Logo of ai_and_memory_wall
ai_and_memory_wall
Examine the memory footprint, parameter count, and FLOPs of state-of-the-art AI models in computer vision, NLP, and speech. Access detailed metrics for transformer and vision model training and inference, with historical memory breakdowns. This resource offers valuable data from the AI and Memory Wall study, aiding in optimizing model efficiency for contemporary applications.
Logo of awesome-DeepLearning
awesome-DeepLearning
Serving as an online deep learning encyclopedia, this PaddlePaddle project provides a wide array of resources designed to simplify the mastery and application of deep learning technologies across real-world scenarios. Suitable for both beginners and seasoned developers, it includes online courses, instructional videos, practical programming books, and case studies tailored to industry needs. Diverse learning formats such as interactive tutorials and live broadcasts are available. Continuously updated to reflect the latest PaddlePaddle releases, it helps users stay informed about new algorithms and methodologies, facilitating the development of skilled AI professionals.
Logo of ProPainter
ProPainter
Discover the latest advancements in video inpainting through ProPainter's use of efficient propagation and transformer methods. This project features capabilities such as video completion and object removal, emphasizing memory-efficient processes across well-known platforms like Hugging Face and OpenXLab. Designed for research and educational purposes, ProPainter enhances training efficiency through pre-computed optical flow, marking it as a pivotal tool in video editing and AI research.

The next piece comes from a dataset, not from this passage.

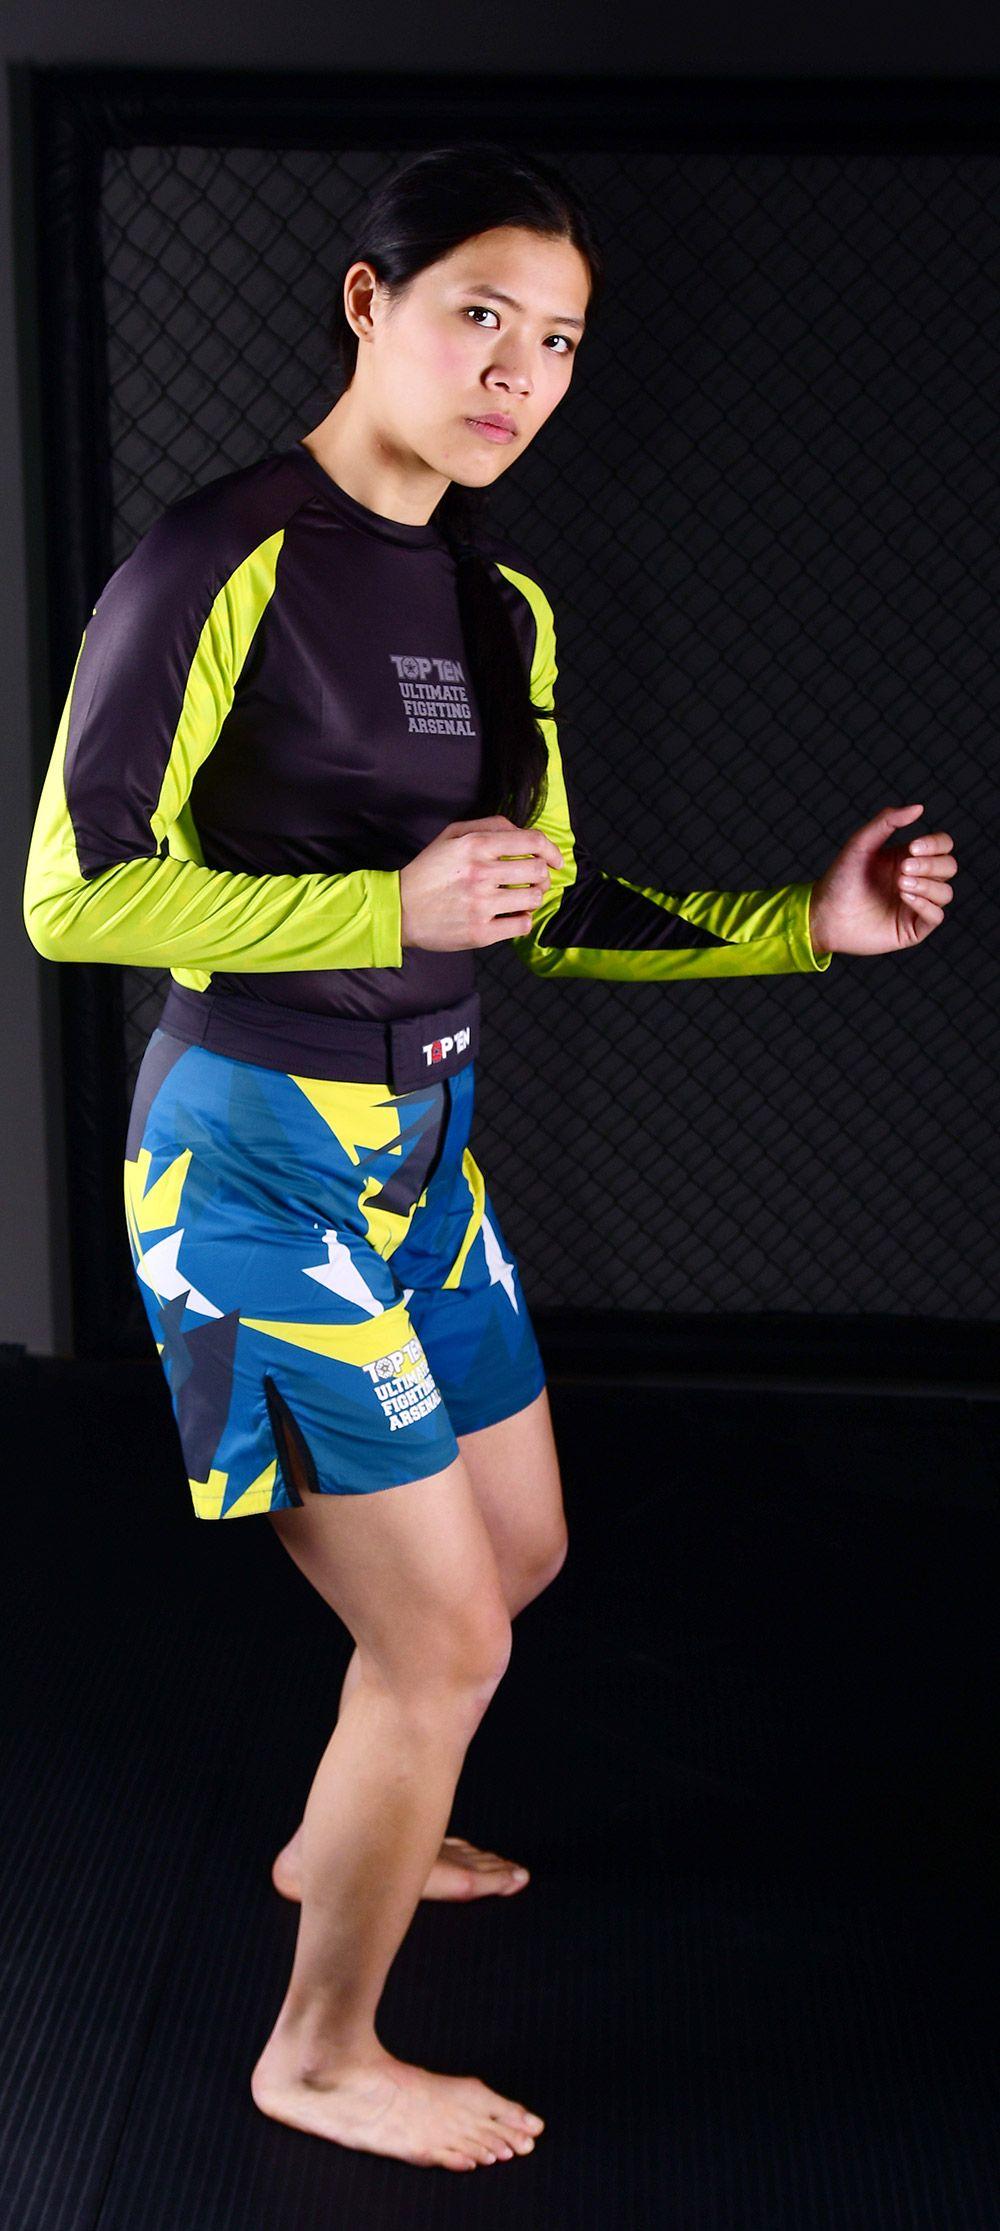 Top Ten Mma Shorts Jungle Blue Black Yellow In 2020 Mma Shorts Black N Yellow Mma
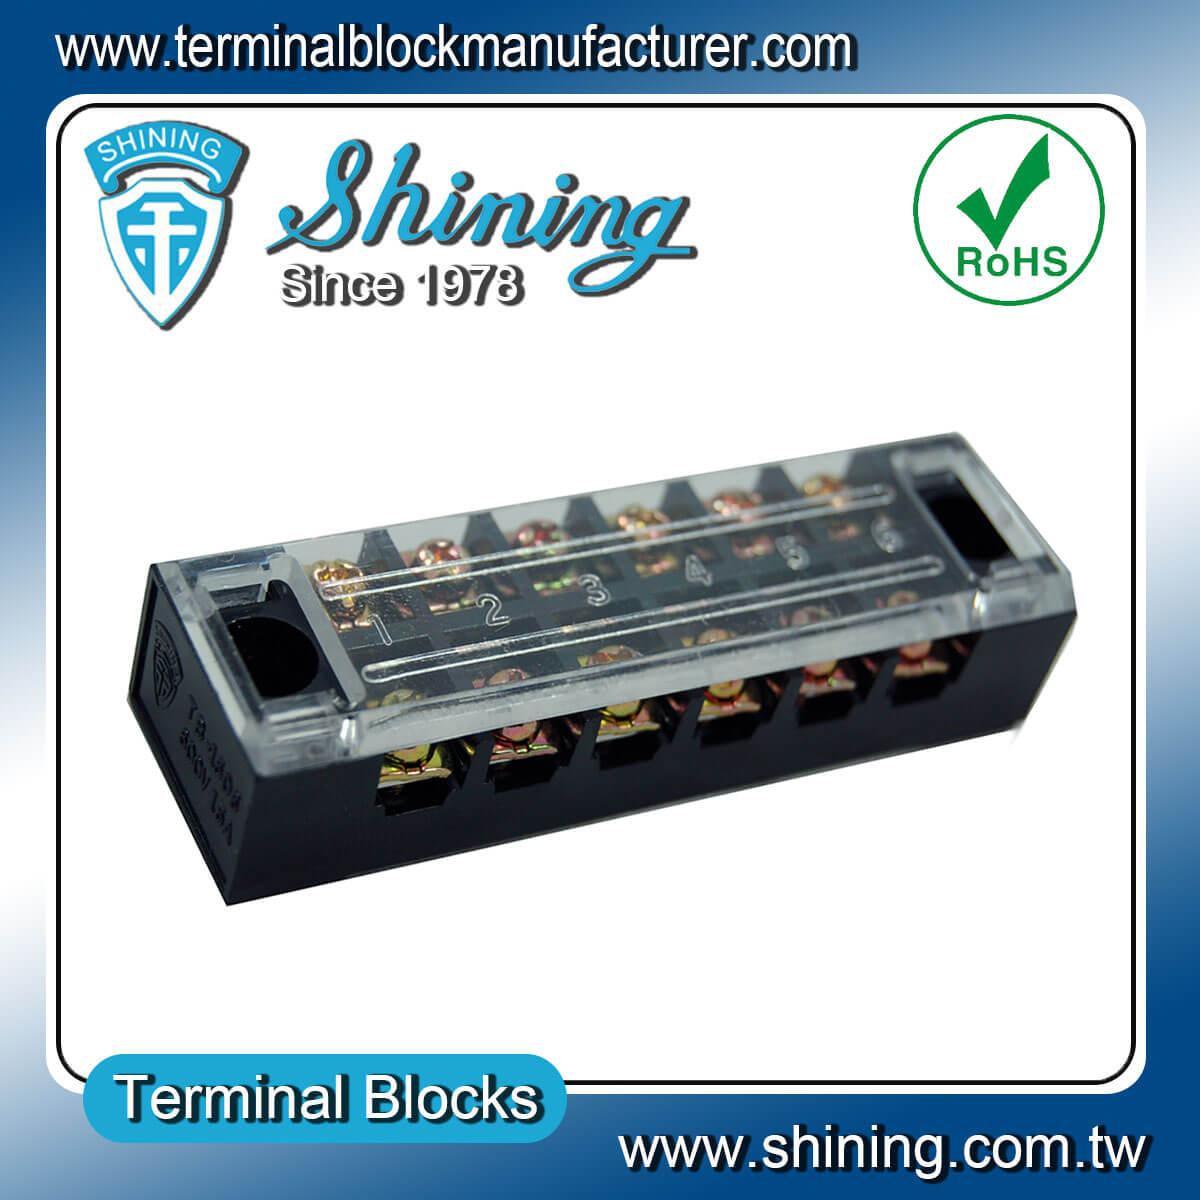 TB-2506L 600V 25A 6Pole固定式柵欄端子台

Logo of SwissArmyTransformer
SwissArmyTransformer
Discover SwissArmyTransformer, a unified codebase for integrating model-agnostic components into Transformer-based models. Utilize DeepSpeed and model parallelism for efficient pretraining and finetuning of large-scale models with ease. Implement prefix-tuning in models such as GLM and GPT to boost performance with minimal effort. Leverage extensive training support on multiple GPUs or nodes, accommodating models like T5-10B and experimental ones like CogView2. SwissArmyTransformer offers a comprehensive environment for developing and optimizing Transformer variants designed for various AI tasks.
Logo of flatformer
flatformer
FlatFormer enhances 3D point cloud transformer efficiency with flattened window attention, solving latency challenges for applications like autonomous driving. It reduces processing overhead by grouping point clouds equally and applying self-attention, achieving significant speed improvements over SST and CenterPoint while ensuring high accuracy on the Waymo Dataset. It delivers real-time performance on edge GPUs, surpassing traditional sparse convolutional methods in speed and performance on large-scale benchmarks.
Logo of TATS
TATS
Discover an innovative method for generating long-form videos using Time-Agnostic VQGAN and Transformer models. This system generates extensive frames from brief training sequences and supports video creation from text or audio inputs, offering diverse output options. Recent findings reveal discrepancies between FVD metrics and human evaluations, providing new insights. It also includes guidelines for setup and usage across different datasets, making it an essential resource for industry professionals.
Logo of RWKV-LM
RWKV-LM
Leveraging a unique attention-free architecture, RWKV combines the strengths of RNNs and Transformers to deliver exceptional language model performance. It supports rapid inference, low VRAM usage, and efficient training. RWKV's parallelization capabilities facilitate GPT-style computation, making it adaptable for various AI applications such as text generation and image processing. This model is compatible with edge devices, ensuring resource efficiency and offering diverse training and fine-tuning options for tailored outputs across different data scales.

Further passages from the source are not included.